Jak podkreśla komentator, Erdogan nie jest jedynym politykiem walczącym z satyrą. "W wielu krajach tolerancja kurczy się, satyrycy są prześladowani, a wolność słowa ograniczana" - pisze Ulrich wymieniając Rosję, Chiny, Iran i Egipt, a także Francję, gdzie islamscy terroryści "nawiedzili" redakcję "Charlie Hebdo".

Ulrich zwraca uwagę, że na przełomie tysiącleci zdawało się, iż "myśli oświecenia przekonają krok za krokiem cały świat". "Stało się jednak inaczej - oświecenie jest w odwrocie" - twierdzi niemiecki dziennikarz. Tym ważniejsza staje się jego zdaniem "rozbrajająca broń, jaką jest humor".

"Czy satyrze wolno wszystko?" - pyta Ulrich. Zastrzega, że nie jest to takie proste, jak chcieliby ludzie o poglądach liberalnych. Pyta, jak byśmy reagowali, gdyby neonaziści wyszydzali Holokaust, a islamscy ekstremiści ofiary terroru. "Satyra może wszystko, jednak nawet ona ma pewne granice, którymi są prawo do życia i godność człowieka" - pisze Ulrich. Satyra, która nawołuje do przemocy, jest tak samo zakazana jak satyra, która jest jedynie zakamuflowanym oszczerstwem - precyzuje komentator.

W krajach liberalnych prawodawcy i sądy pokazują, jak można rozwiązywać konflikty między wolnością słowa a prawami jednostki. W przypadku wątpliwości należy dać pierwszeństwo wolności słowa, która chroni nas przed "świętymi prawdami i totalitarnymi zapędami" - uważa autor.

"SZ" zwraca uwagę, że krytyka zagranicznych polityków może wywołać kryzys w stosunkach między państwami.
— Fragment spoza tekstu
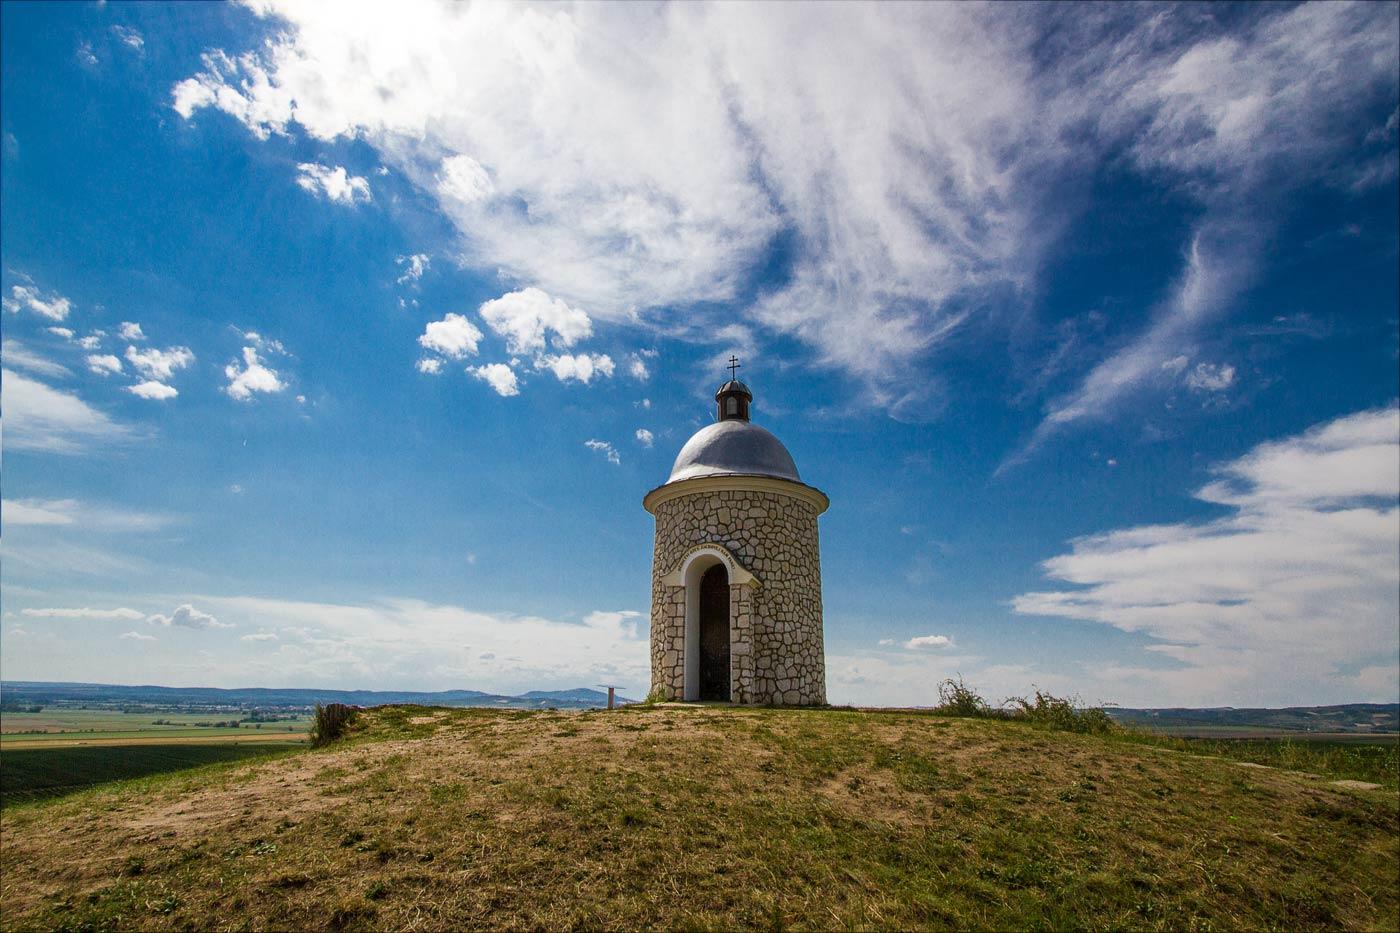 Часовенка на холме посреди виноградников у Велке Биловице, Южная Моравия

Dlatego politycy i dyplomaci powinni wyrażać krytykę "w sposób uprzejmy, rezygnując z kpin". Artyści, satyrycy i dziennikarze nie podlegają - zdaniem komentatora - tym ograniczeniom. Potrzebne są "inne głosy, które łamią tabu, piętnują wypaczenia i ostrzeliwują wszechwładnych strzałami szyderstwa" - dodaje. "Ponieważ autokraci w swoich krajach zamykają krytykom usta, krytycy za granicą powinni mówić tym głośniej" - czytamy w "SZ".
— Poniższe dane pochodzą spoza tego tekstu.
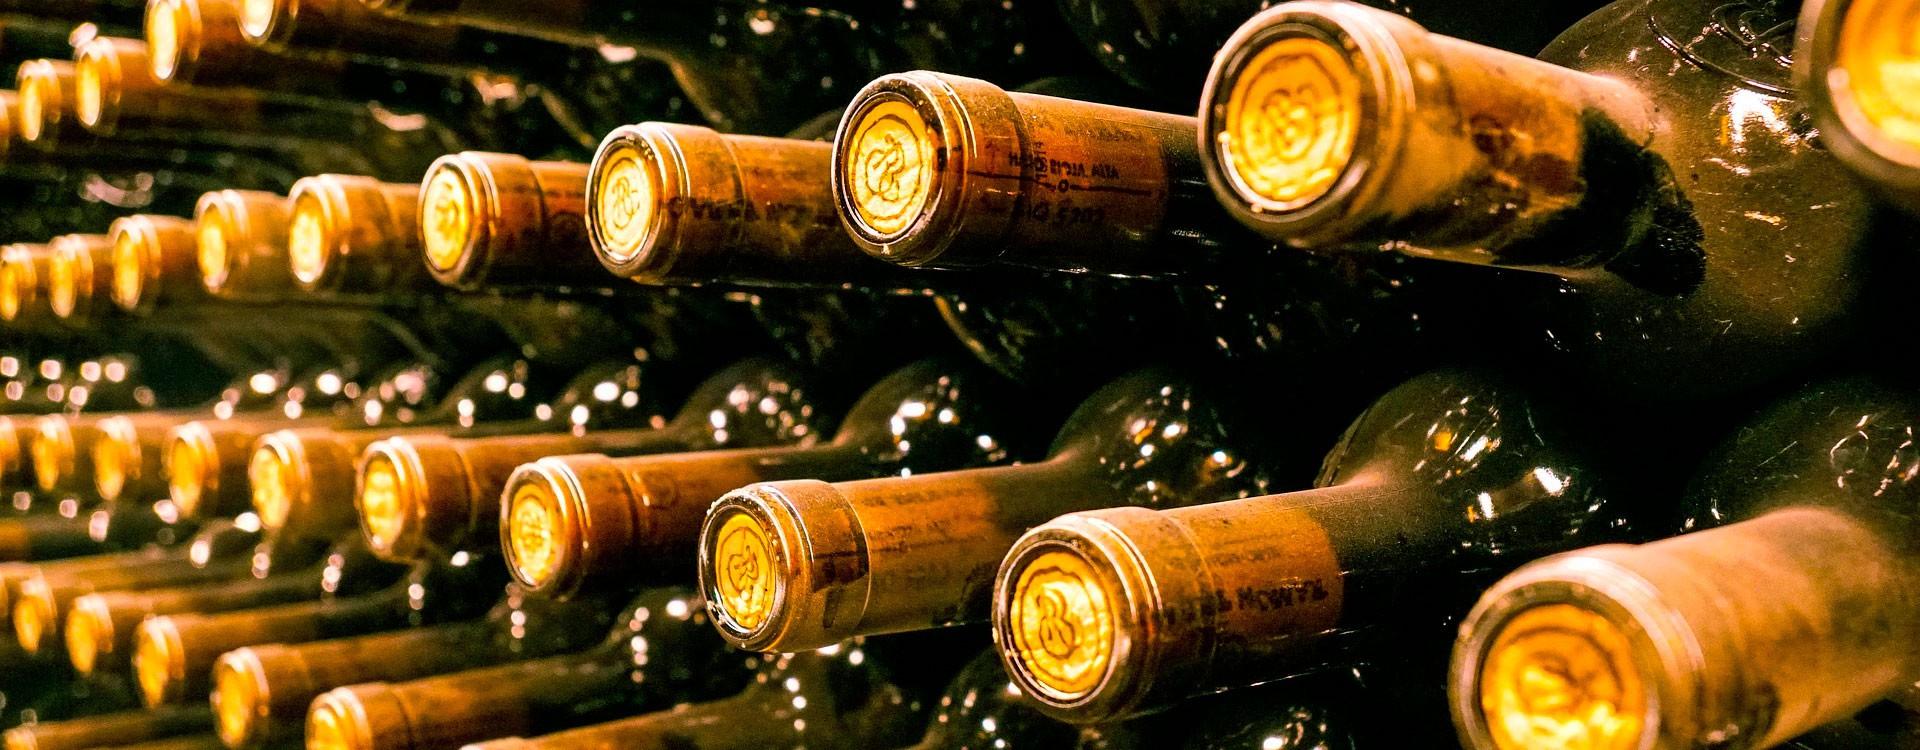 От Оккиолино до Титана: эволюция, разновидности и предназначение современных микроскопов

Turcja jest zdaniem autora dobrym przykładem, ponieważ wielu polityków "zachowuje się potulnie wobec Erdogana", który jest im potrzebny do rozwiązania kryzysu migranckiego. "Pyszałek znad Bosforu" zachowuje się u siebie w domu jak tyran, dlatego satyrycy w Europie muszą mieć go na oku - pisze Ulrich i dodaje: "zamiast się złościć, Erdogan mógłby skorzystać z rady, której autorem był Epiktet: jeśli mówią o tobie źle, a jest to prawda, popraw się. Jeśli natomiast są to kłamstwa, śmiej się z tego".